The Zika vaccines market is expected to witness significant growth, due to high incidence of Zika virus infection. In November 2019, The European Centers for Disease Control confirmed the first three cases of Zika that started in southern France. Zika is spread mostly by the bite of an infected Aedes species mosquito. These mosquitoes bite during the day and night. Recently, there have been clusters of cases of meningitis, encephalitis, meningitis and other neurological conditions caused by the disease. There are also links to birth defects and neurological problems in some of the babies born to infected mothers. Such concerns are expected to aid in growth of the Zika vaccines market.

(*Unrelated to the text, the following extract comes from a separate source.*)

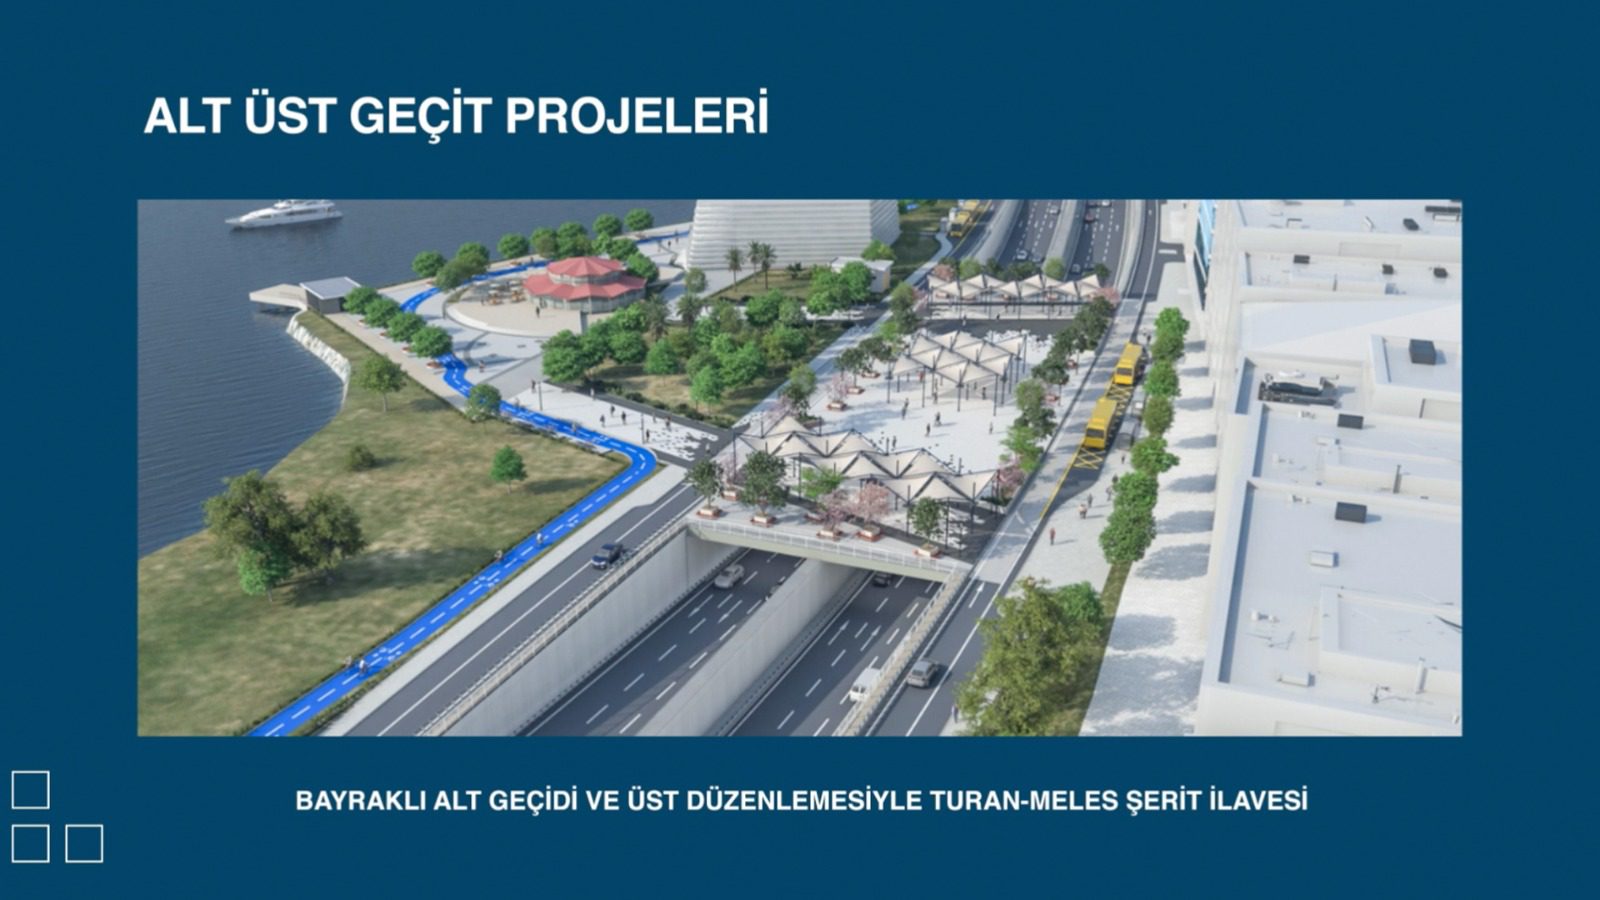 Başkan Cemil Tugay,  projelerini “İzmir Geleceğe Doğru” sloganıyla açıkladı

R&D of new products is expected to aid in growth of the Zika
vaccines market. Currently, a licensed product, in the form of a live virus
extract, is under clinical trials. A Zika vaccine is targeted at preventing the
complications and symptoms of pregnancy-related Zoonotic infections caused by
the strain of Aedes species. Since it is generally associated with an airborne
infection, it was assumed that a vaccine would be needed to prevent infection
during pregnancy. There have been no clinical trials testing the safety of this
vaccine in pregnant women, however, since the product's development stage
involves both in vitro and in silico technologies.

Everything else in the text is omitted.